DATASET CONTENT —
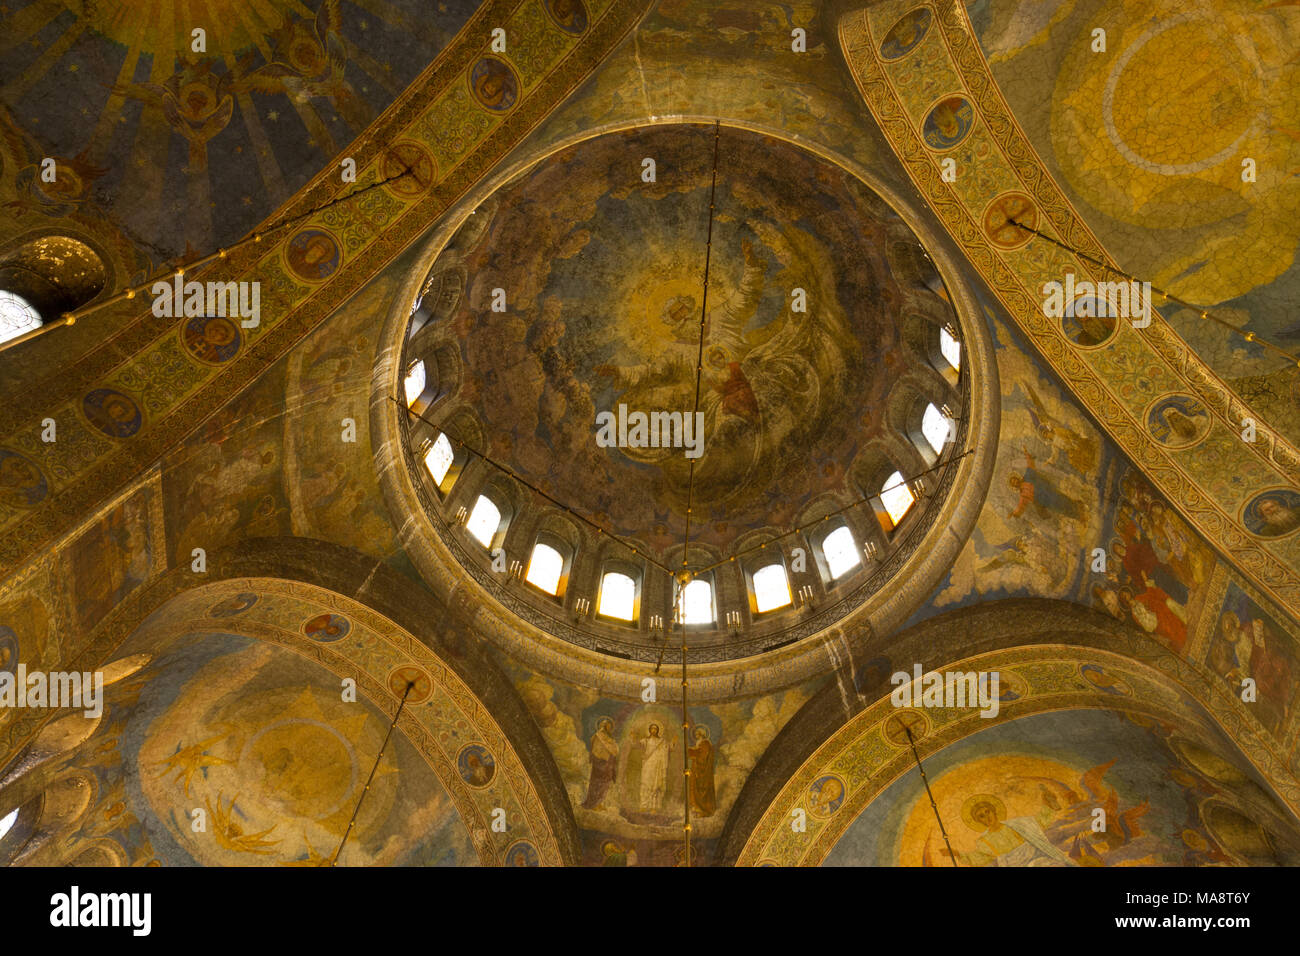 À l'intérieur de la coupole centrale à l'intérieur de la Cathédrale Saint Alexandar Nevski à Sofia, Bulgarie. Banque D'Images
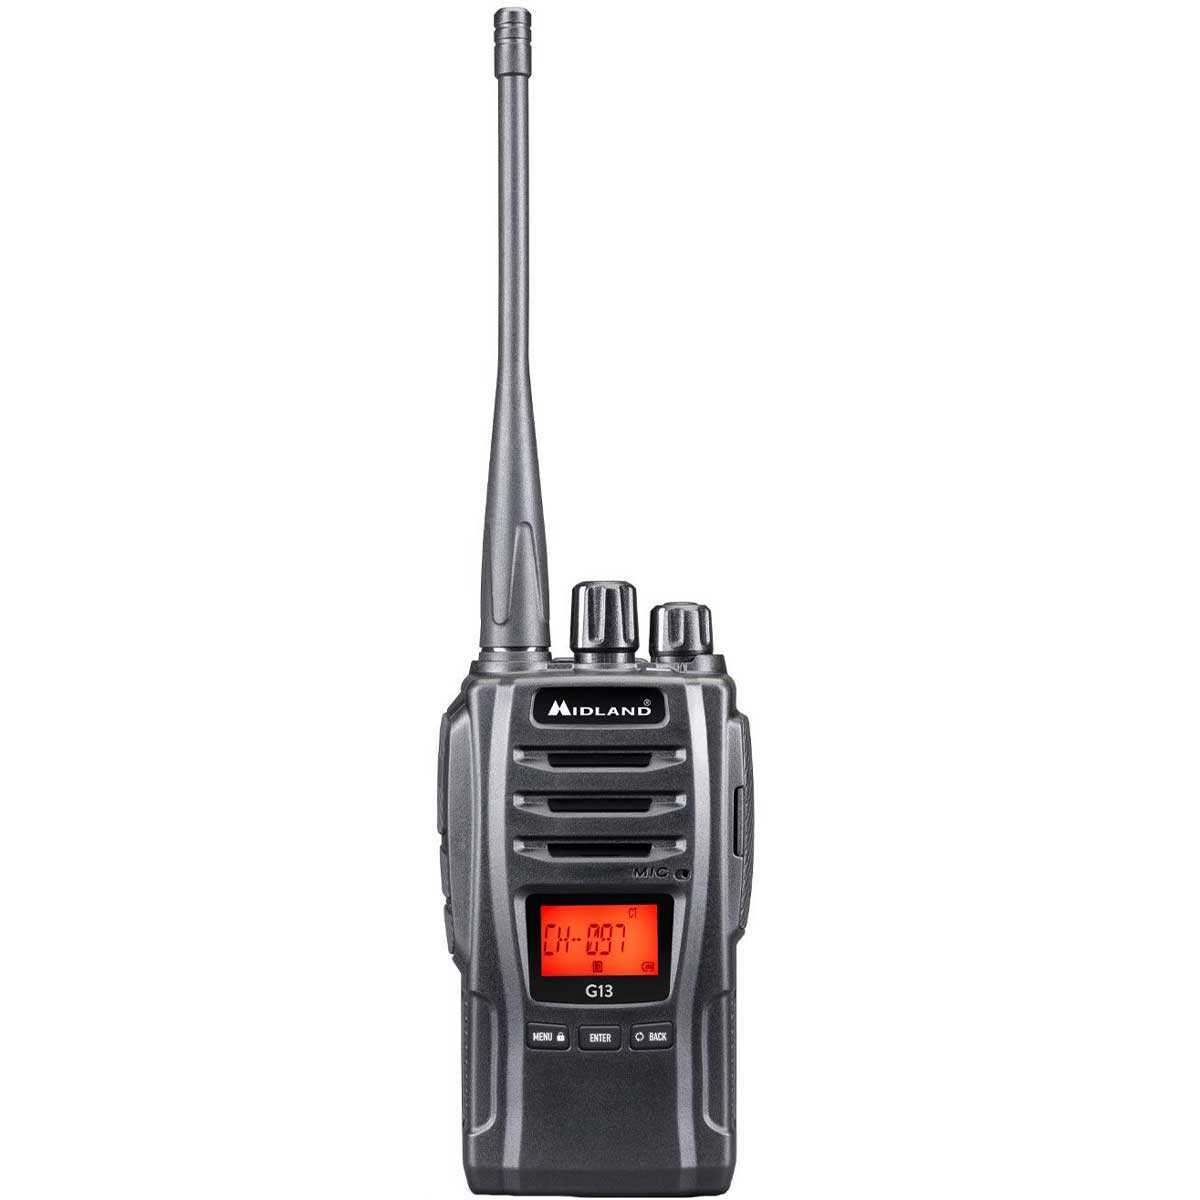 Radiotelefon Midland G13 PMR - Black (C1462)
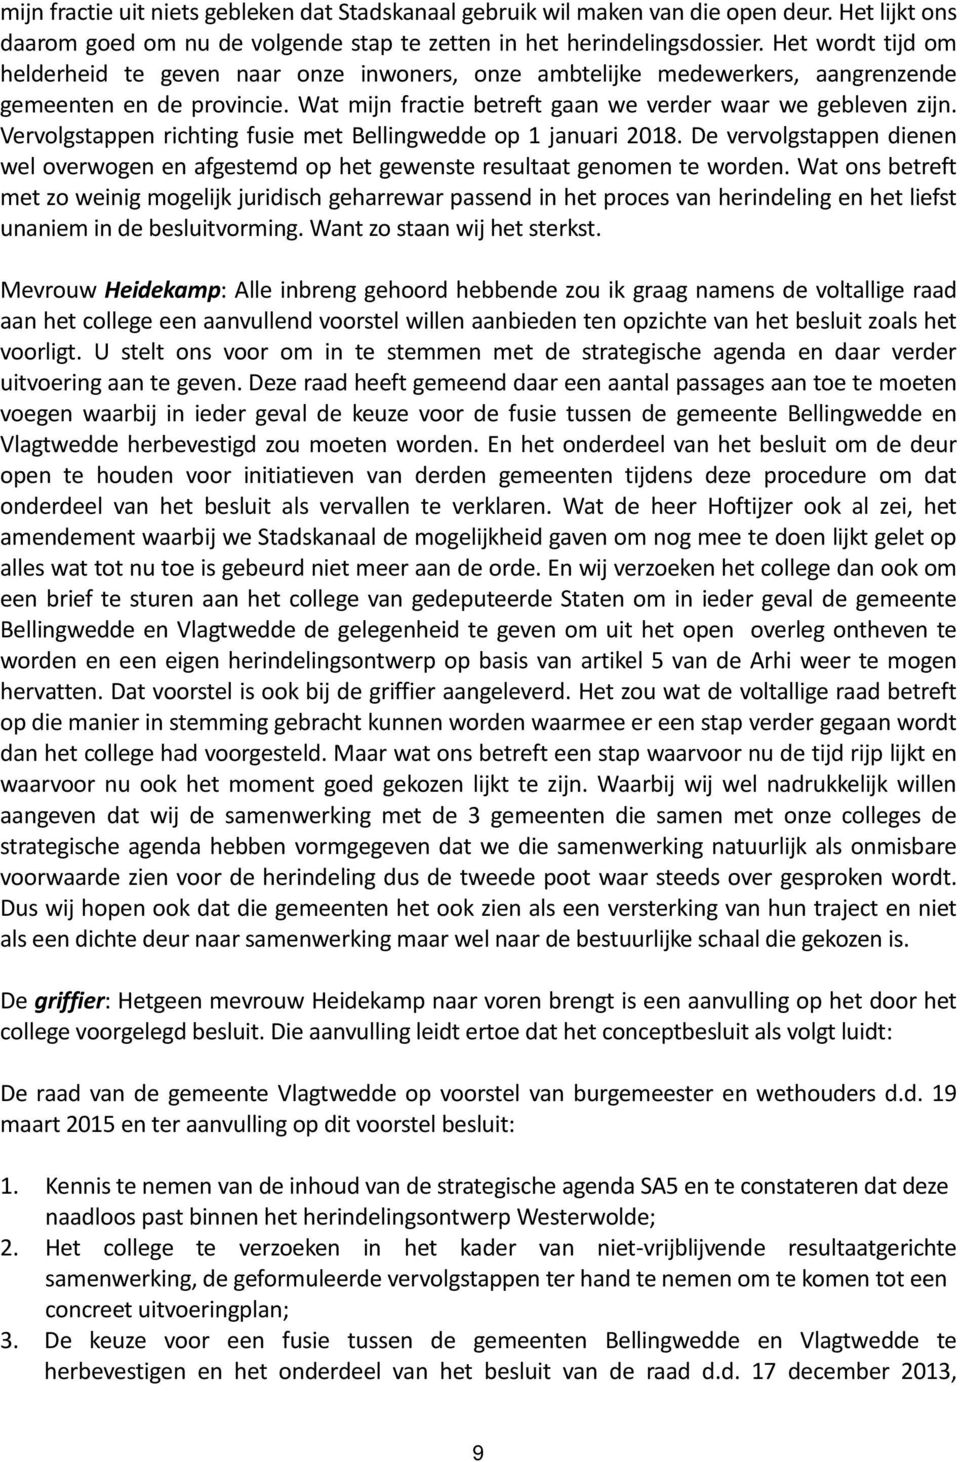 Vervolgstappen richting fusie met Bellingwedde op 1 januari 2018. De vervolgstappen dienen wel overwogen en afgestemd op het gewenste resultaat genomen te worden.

PROBLEM DESCRIPTION —
Every word of the data should be reproduced exactly; please omit any pictures.

SOLUTION BELOW —
 À l'intérieur de la coupole centrale à l'intérieur de la Cathédrale Saint Alexandar Nevski à Sofia, Bulgarie. Banque D'Images
 Radiotelefon Midland G13 PMR - Black (C1462)
 Vervolgstappen richting fusie met Bellingwedde op 1 januari 2018. De vervolgstappen dienen wel overwogen en afgestemd op het gewenste resultaat genomen te worden.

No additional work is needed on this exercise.